= Kabakçı Mustafa =

Rebel leader in the Ottoman Empire

Kabakçı Mustafa (c. 1770 – 14 July 1808) was a rebel leader who caused the delay of Ottoman reformation in the early 19th century.

==Yamaks and Kabakçı==
Yamaks were a special class of soldiers who were responsible in defending Bosphorous against Cossack pirates from Ukraine. Unlike janissaries they were from Black Sea Region of Turkey and not devshirme. But they liked to share the prestige of janissaries and considered themselves as a part of janissary. Kabakçı Mustafa was a sergeant of these yamaks in the castle of Rumelifeneri, on the European side of Bosphorous. He was from Rize, and probably about 35 years of age in 1807. According to legend, prior to being a yamak, he had fought against Russians in Crimean port of Anapa. The epithet Kabakçı which meant leader probably refers to his former battles. But except that almost nothing is known about his origin. He always appeared with two of his younger relatives both using the same name; Mustafa of Of and Mustafa of Pazar.

==Background==
The reformist sultan Selim III (reigned 1789–1807) who was under the influence French Revolution tried to reform the institutions of the empire. His program was called Nizamı cedit (New Order). However, these efforts met with criticism of the reactionaries . The janissaries were afraid of being trained in western style and religious figures opposed non-Moslem methods in medieval institutions. The middle-class city dwellers also opposed Nizamı Cedit because of the new taxes to support the program and the general corruption of the Ottoman Porte.

==The beginning of the rebellion==
On 25 May 1807 Raif Mehmet, the minister of Bosphorous, tried to persuade the yamaks to wear the new uniforms. It was clear that the next step would be the modern training. But the yamaks refused to wear these uniforms and they killed Raif Mehmet. This incident is usually considered as the beginning of the revolt. The yamaks then began marching to Constantinople, the capital about 30 km away. At the end of the first day they decided to elect a leader and they elected Kabakçı Mustafa as their leader. According to historians at this point it was an easy matter to suppress the revolt because the camp of well trained Nizamı cedit troops was nearby.

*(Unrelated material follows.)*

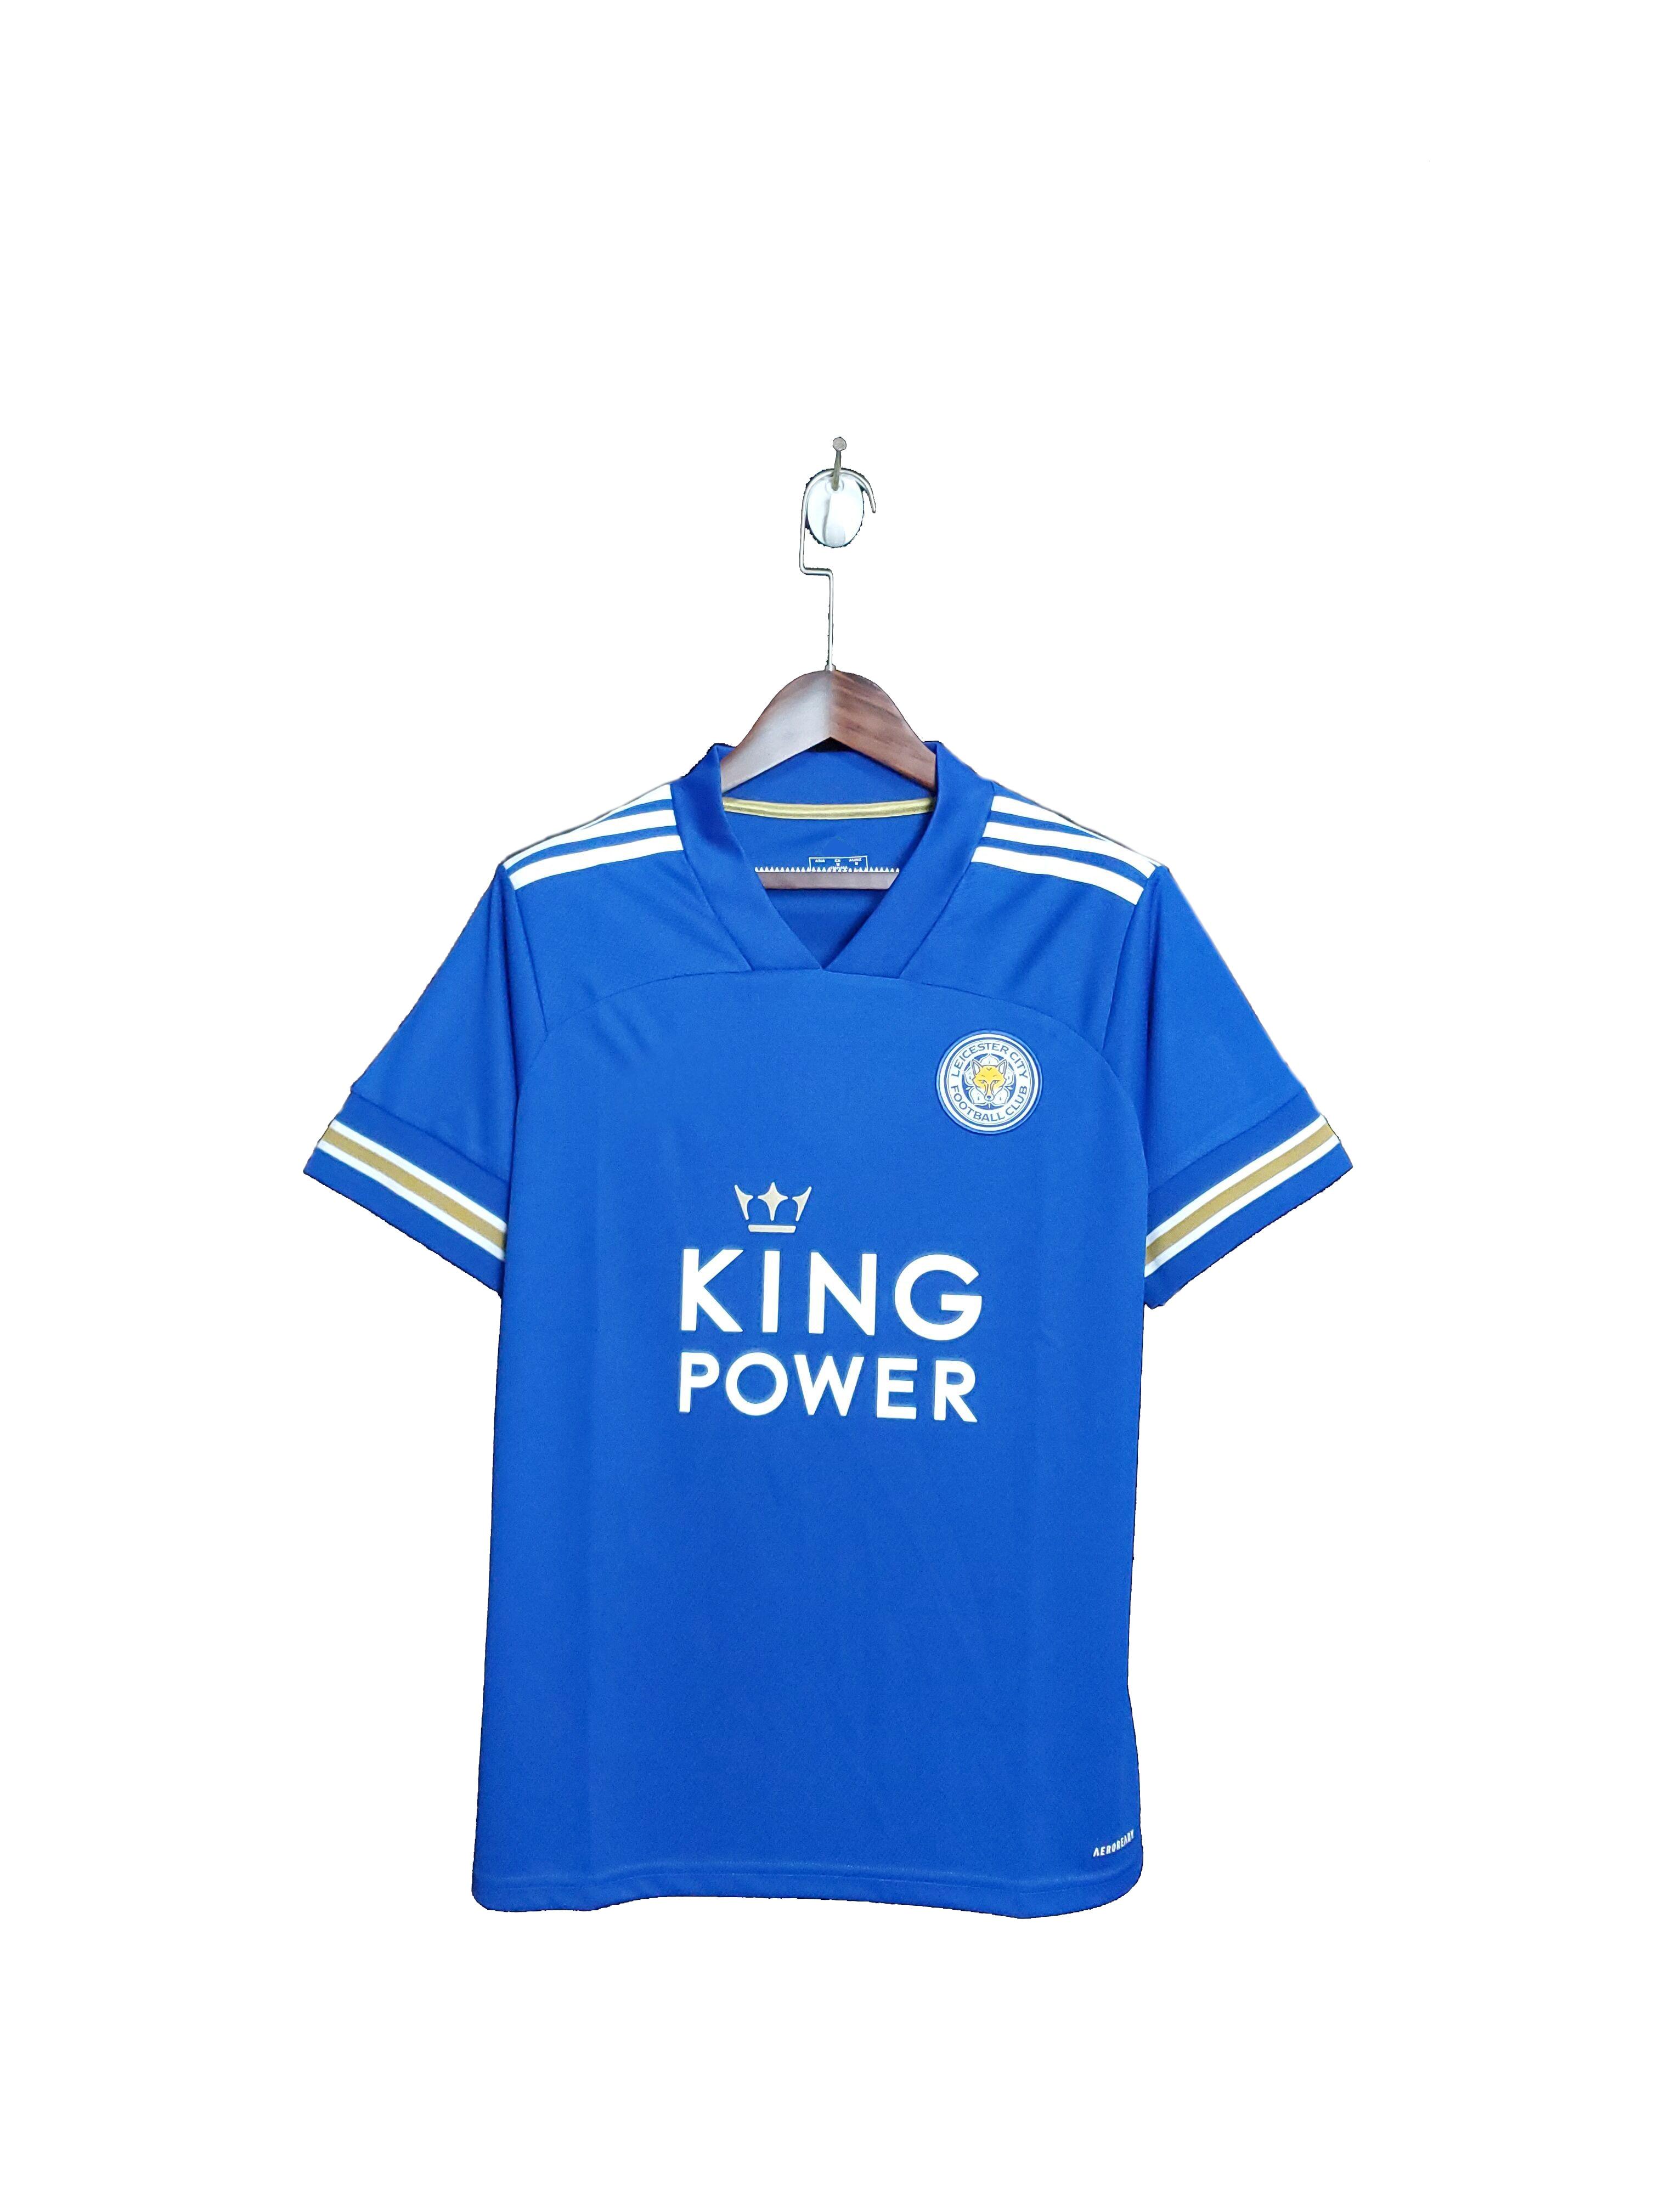 La ciudad de Leicester de alta calidad camiseta Tailandia casa jersey para el 20 21 temporada|Camisas informales| - AliExpress
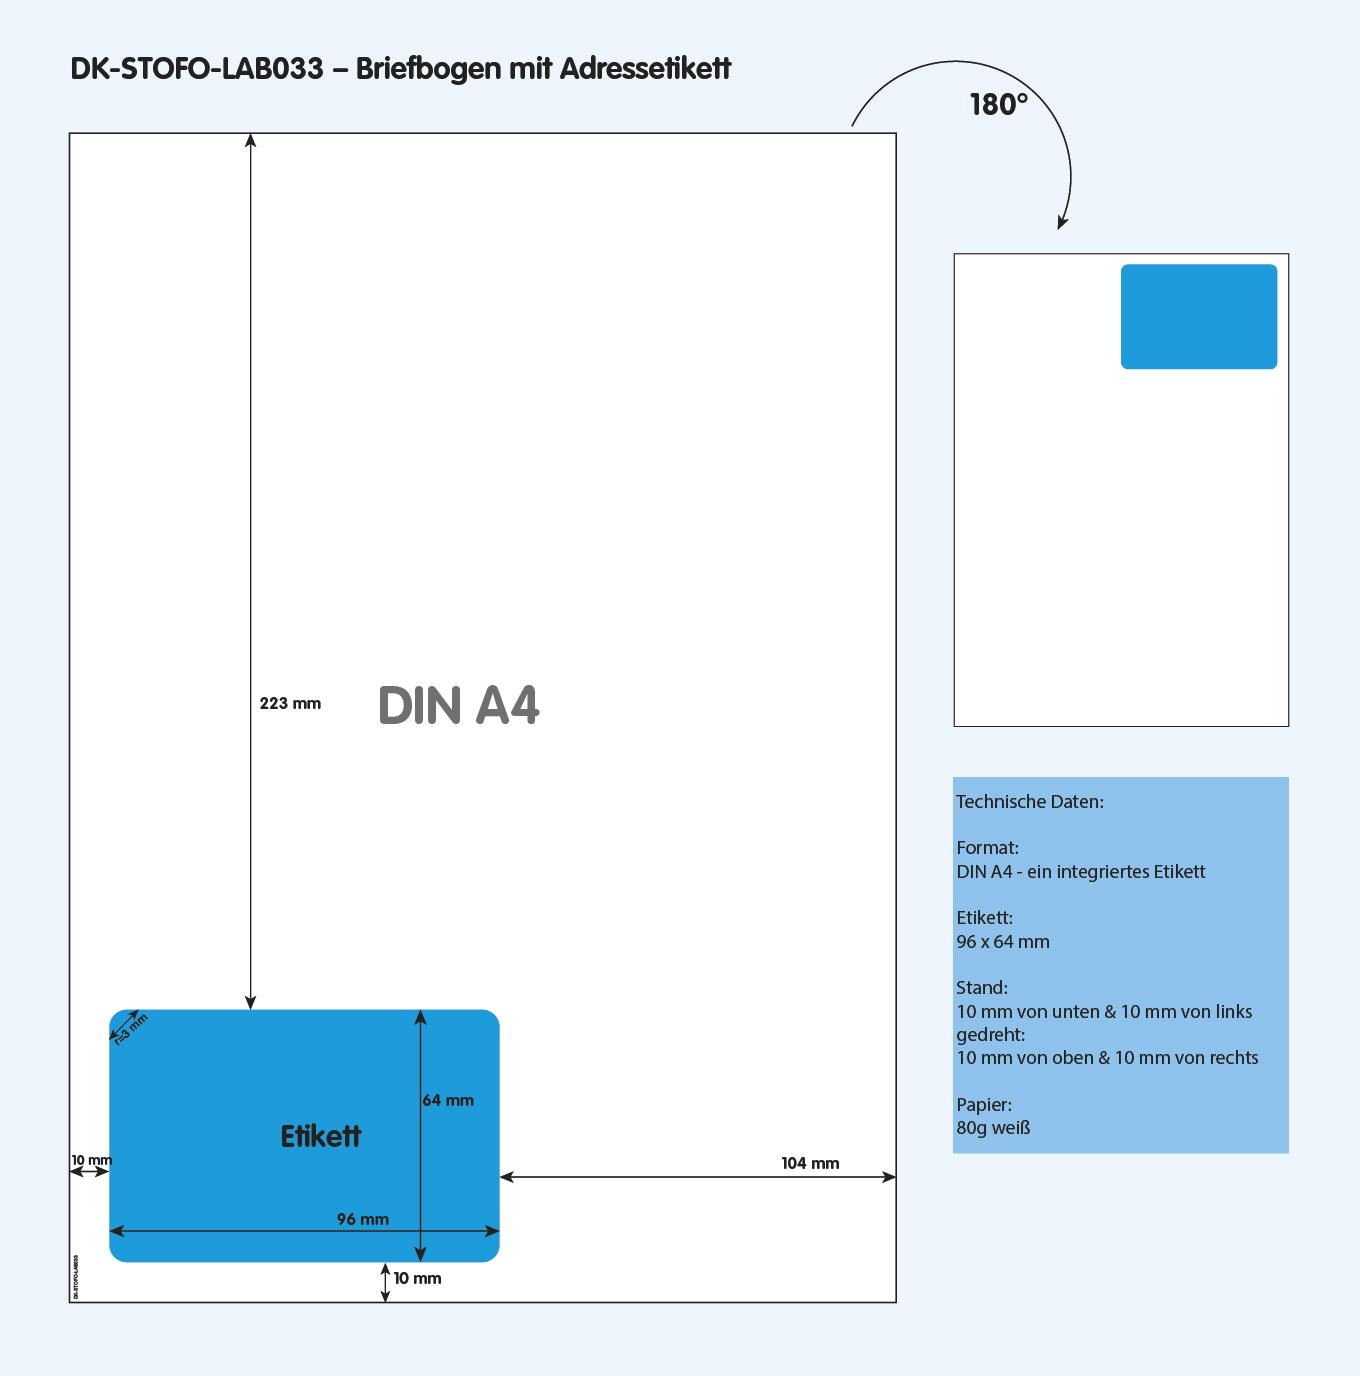 DK-STOFO-LAB033 - technische Zeichnung

But Köse Musa, a member of the porte whose title is roughly equivalent to interior minister (sadaret kahyası) refused to use the modern troops against the yamaks and Selim III who was quite pacifist approved Köse Musa. In a few days it became clear that Köse Musa was supporting the rebels whose numbers had increased with accretion of many people including janissaries who were staying in the capital. (Ottoman Empire was in an uneasy armistice with Russian Empire during the War of the Fourth Coalition between French Empire and Russian Empire, so the main bulk of the army was in battle front. see Russo-Turkish War (1806–12))

==Kabakçı Mustafa as the de facto ruler of the empire==
Kabakçı reached Constantinople in two days and began to rule the capital. In fact, Kabakçı was under the influence of Köse Musa and the Sheikh ul-Islam Topal Ataullah. He established a court and listed 11 names of high rank Nizami Cedit adherents to be executed. In several days those names were executed some with torture. Then he asked to abolish all institutions formed within the scope of Nizamı Cedit which the sultan had to agree. He also announced his distrust in the sultan and asked to take the two Ottoman princes (the future sultans namely Mustafa IV and Mahmud II) under his protection. After this last step Selim III resigned (or forced to resign by a fetwa of Ataullah) on 29 May 1807. Mustafa IV was enthroned as the new sultan.

==During the reign of Mustafa IV==
The new sultan appointed Kabakçı as the new minister of Bosphorous. Kabakçı returned to his base. But his headquarters was quite near to Constantinople and he was still the de facto ruler of the capital. This period was one of the most chaotic periods of Constantinople history. Both the janissaries and the yamaks plundered the city. Soon it became clear that even Kabakçı was unable to cope with the anarchy. This period continued for about 14 months.

Meanwhile, Alemdar Mustafa, a derebey (lord) in Rusçuk (modern Ruse in North Bulgaria, then an Ottoman province) who was a supporter of former sultan Selim III decided to re-enthrone Selim to end the chaos. But before intervening he sent a squadron of 50 under commandship of Uzun Hacı Ali secretly to Kabakçı's headquarters. Unaware of the squadron, on the very same day (13 July 1808) Kabakçı had married. After the night full of marriage ceremony and potation, it was an easy matter for the squadron to raid the headquarters and kill Kabakçı. Soon after Alemdar Mustafa Pasha also marched to Constantinople and after some fighting yamaks were subdued.

==Aftermath==
Mustafa IV was dethroned. But as a last minute precaution, he had ordered the execution of both Selim and Mahmud to be the sole male member of the Ottoman house. However, unlike unlucky Selim, Mahmud managed to survive and it was Mahmud who was enthroned as the new sultan.